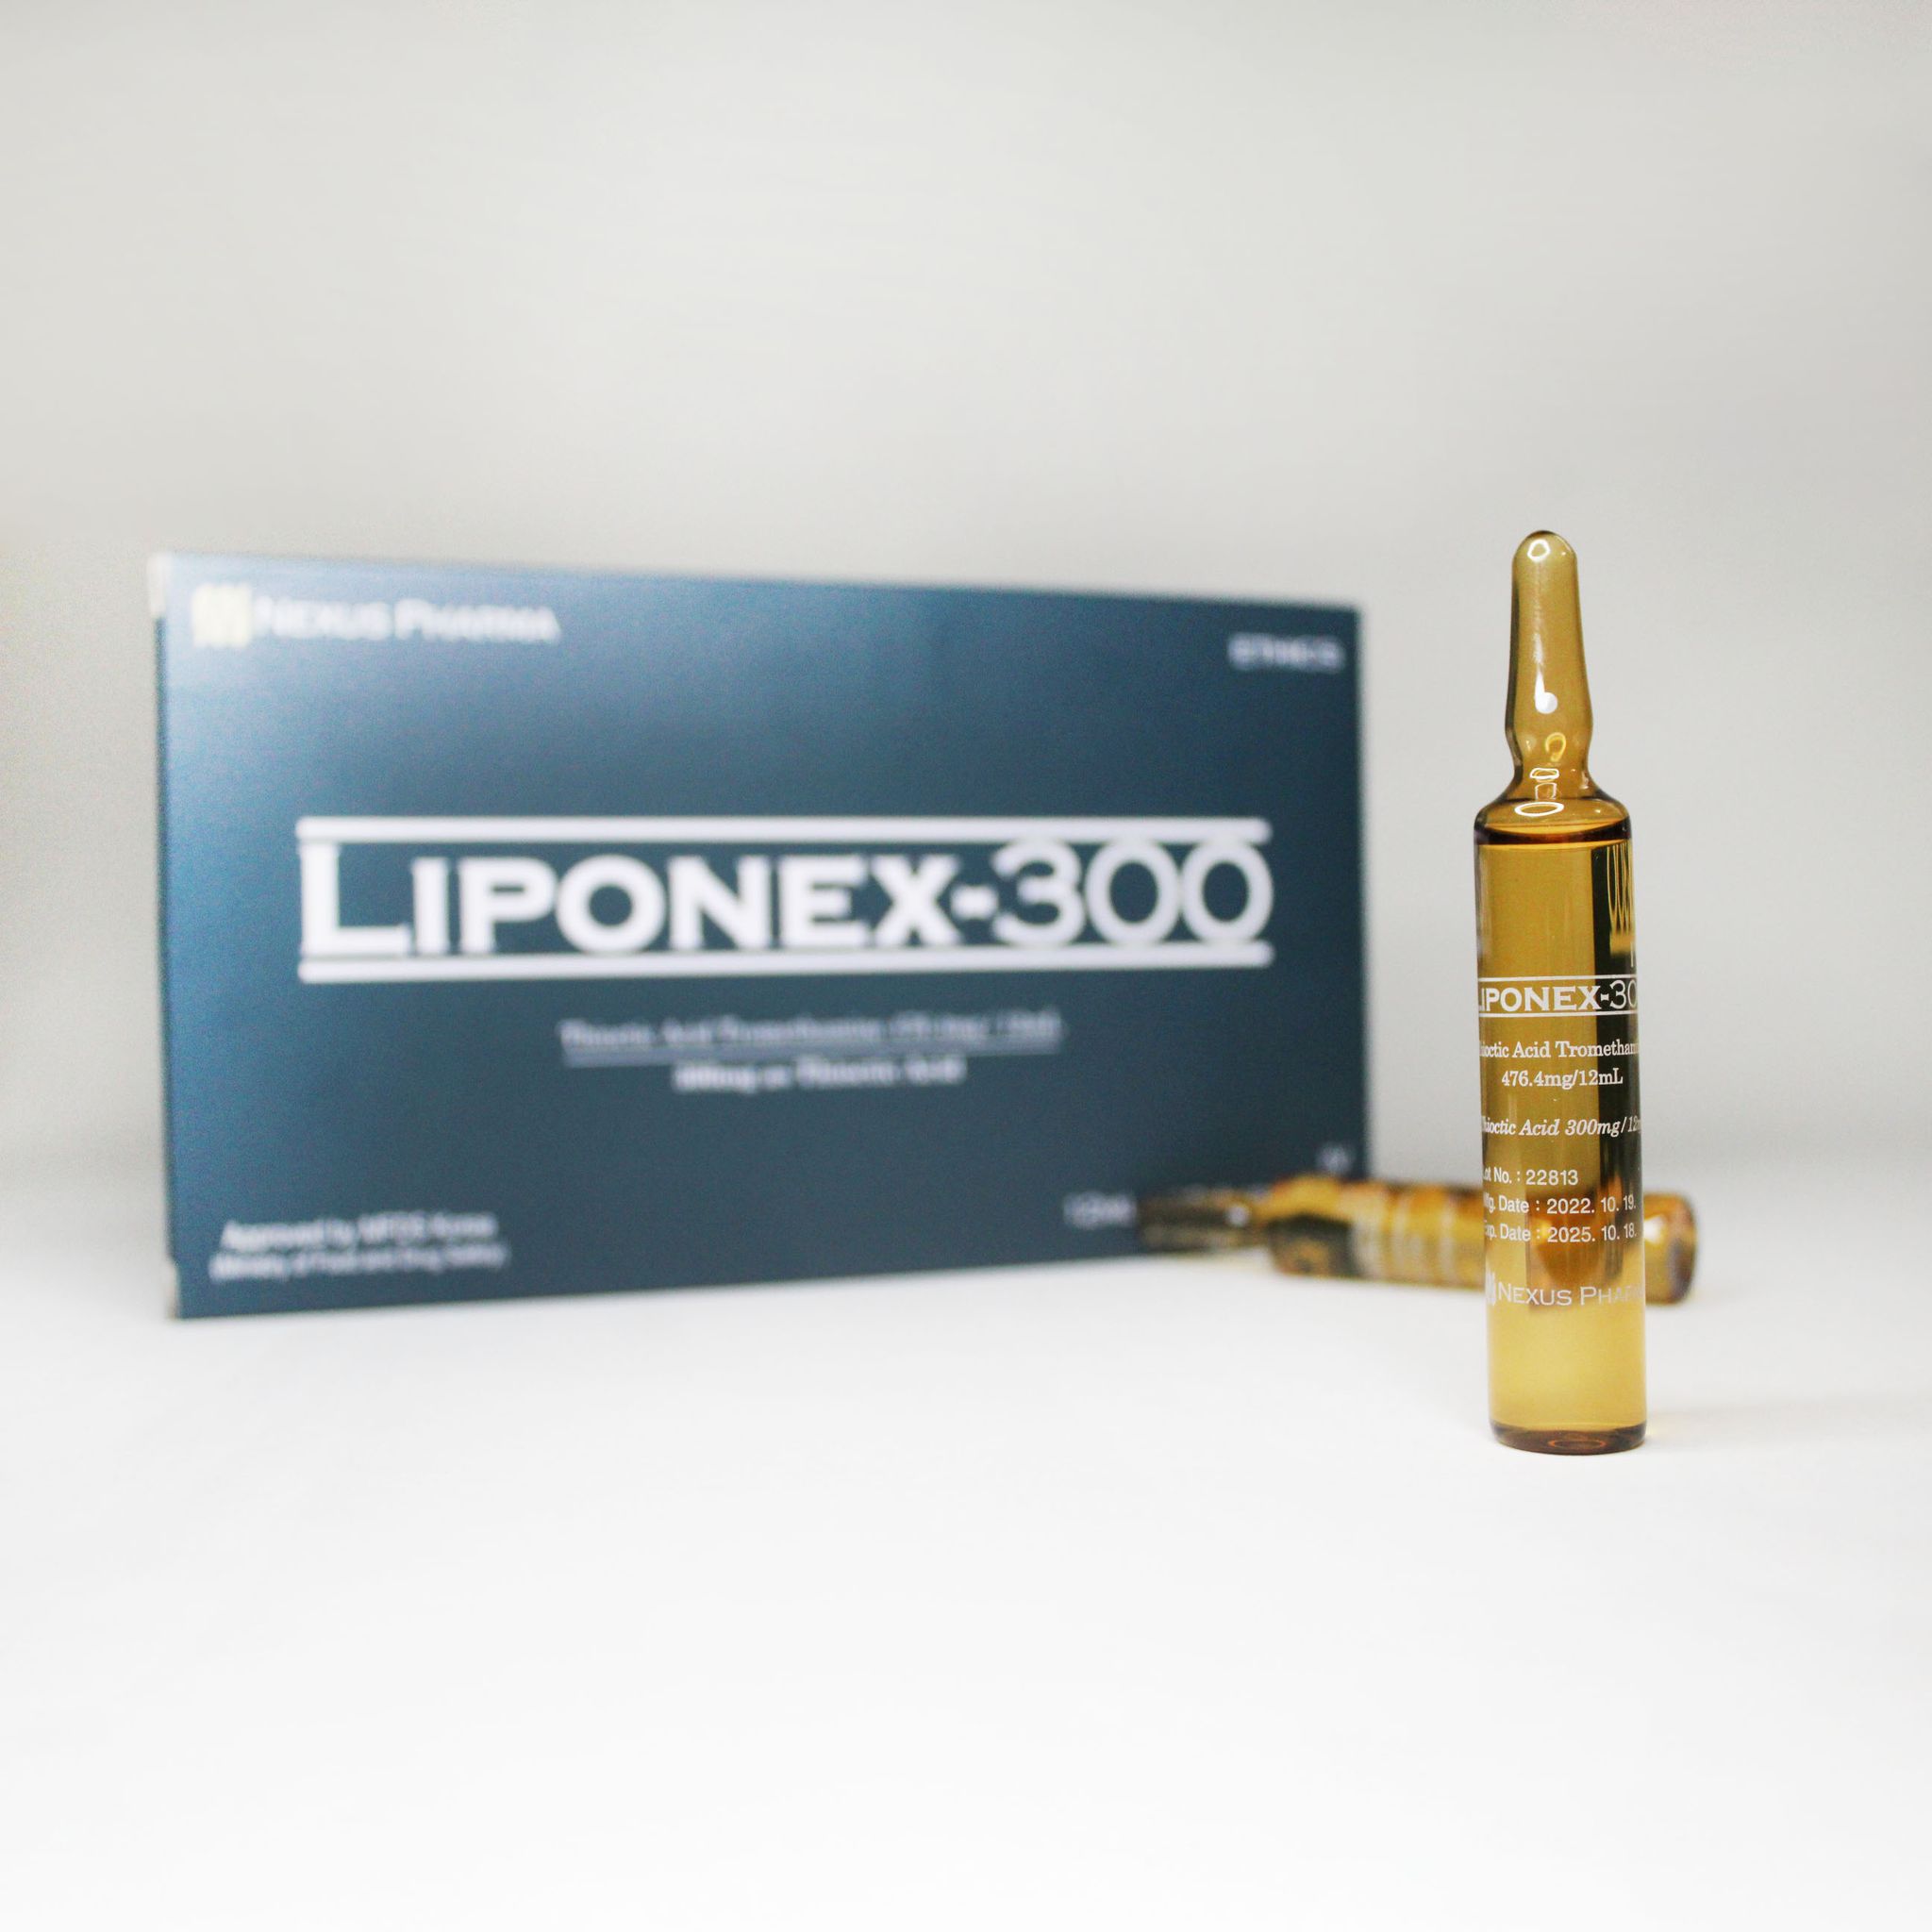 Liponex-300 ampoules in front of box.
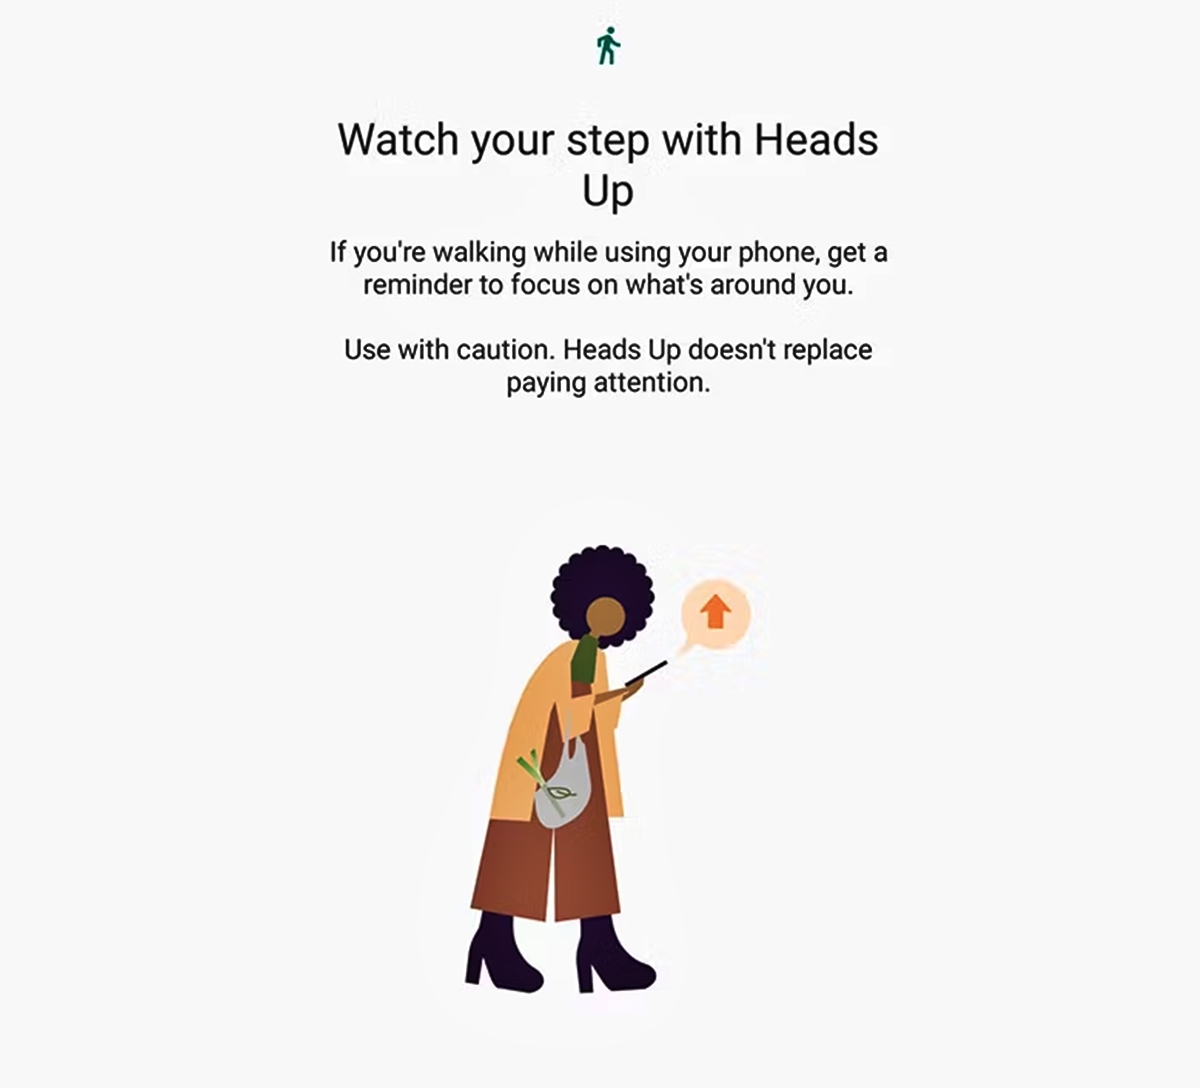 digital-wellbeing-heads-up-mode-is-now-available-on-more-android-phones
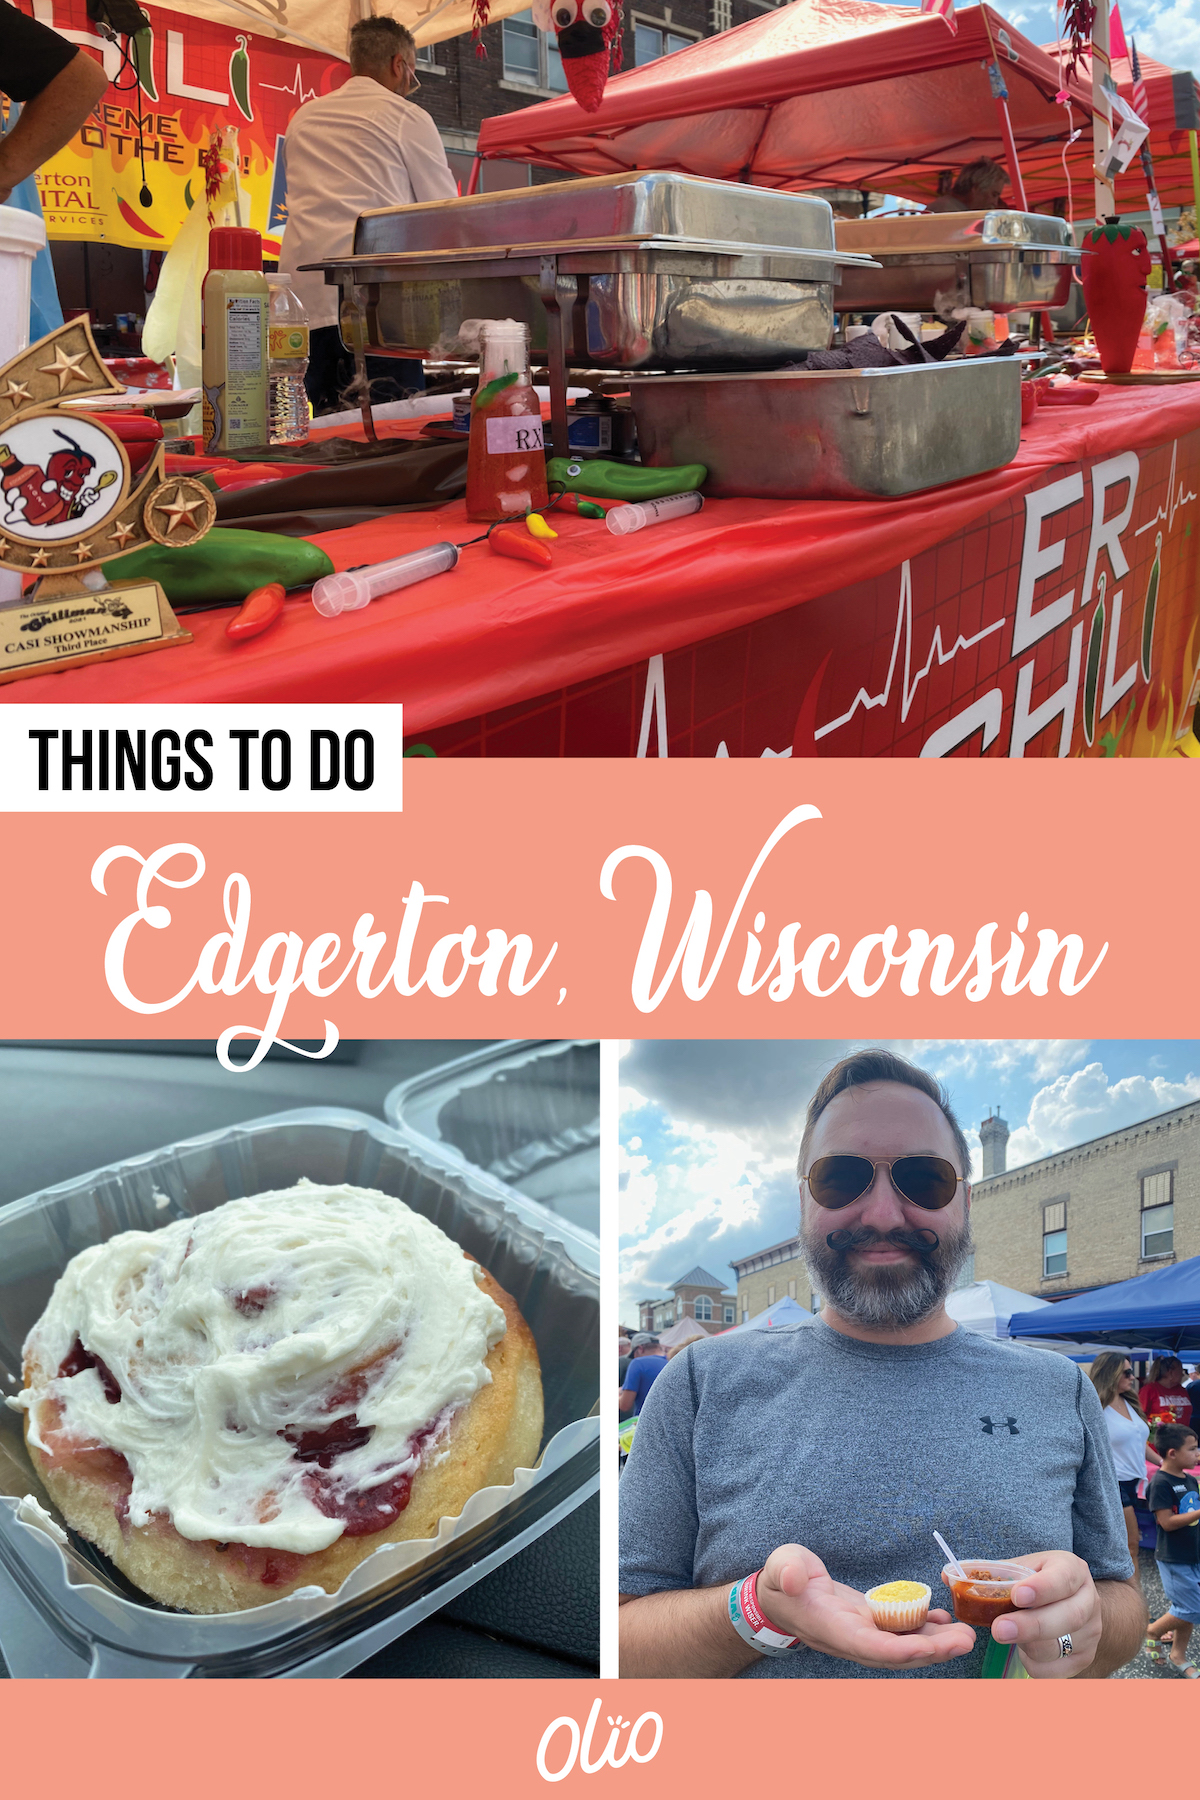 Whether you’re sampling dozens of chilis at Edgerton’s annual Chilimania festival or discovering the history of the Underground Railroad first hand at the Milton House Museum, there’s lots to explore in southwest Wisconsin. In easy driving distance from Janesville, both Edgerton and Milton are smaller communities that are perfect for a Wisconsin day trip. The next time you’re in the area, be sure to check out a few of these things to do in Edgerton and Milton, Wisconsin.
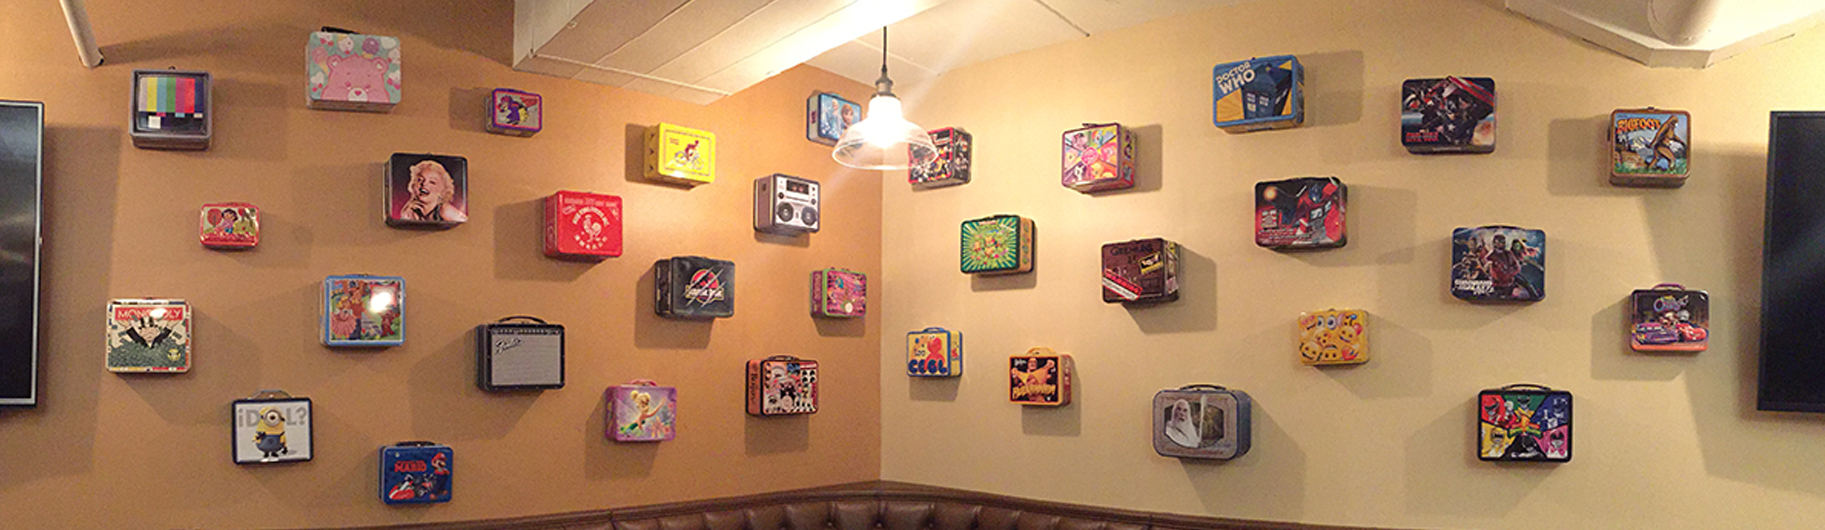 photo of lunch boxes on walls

● **What you should do**: Nothing but the lines from the top of the data above through the line containing "Whether you’re sampling" should be output, exactly as written and without the pictures.

● **Exercise answer**:
 Liponex-300 ampoules in front of box.
 digital-wellbeing-heads-up-mode-is-now-available-on-more-android-phones
 Whether you’re sampling dozens of chilis at Edgerton’s annual Chilimania festival or discovering the history of the Underground Railroad first hand at the Milton House Museum, there’s lots to explore in southwest Wisconsin. In easy driving distance from Janesville, both Edgerton and Milton are smaller communities that are perfect for a Wisconsin day trip. The next time you’re in the area, be sure to check out a few of these things to do in Edgerton and Milton, Wisconsin.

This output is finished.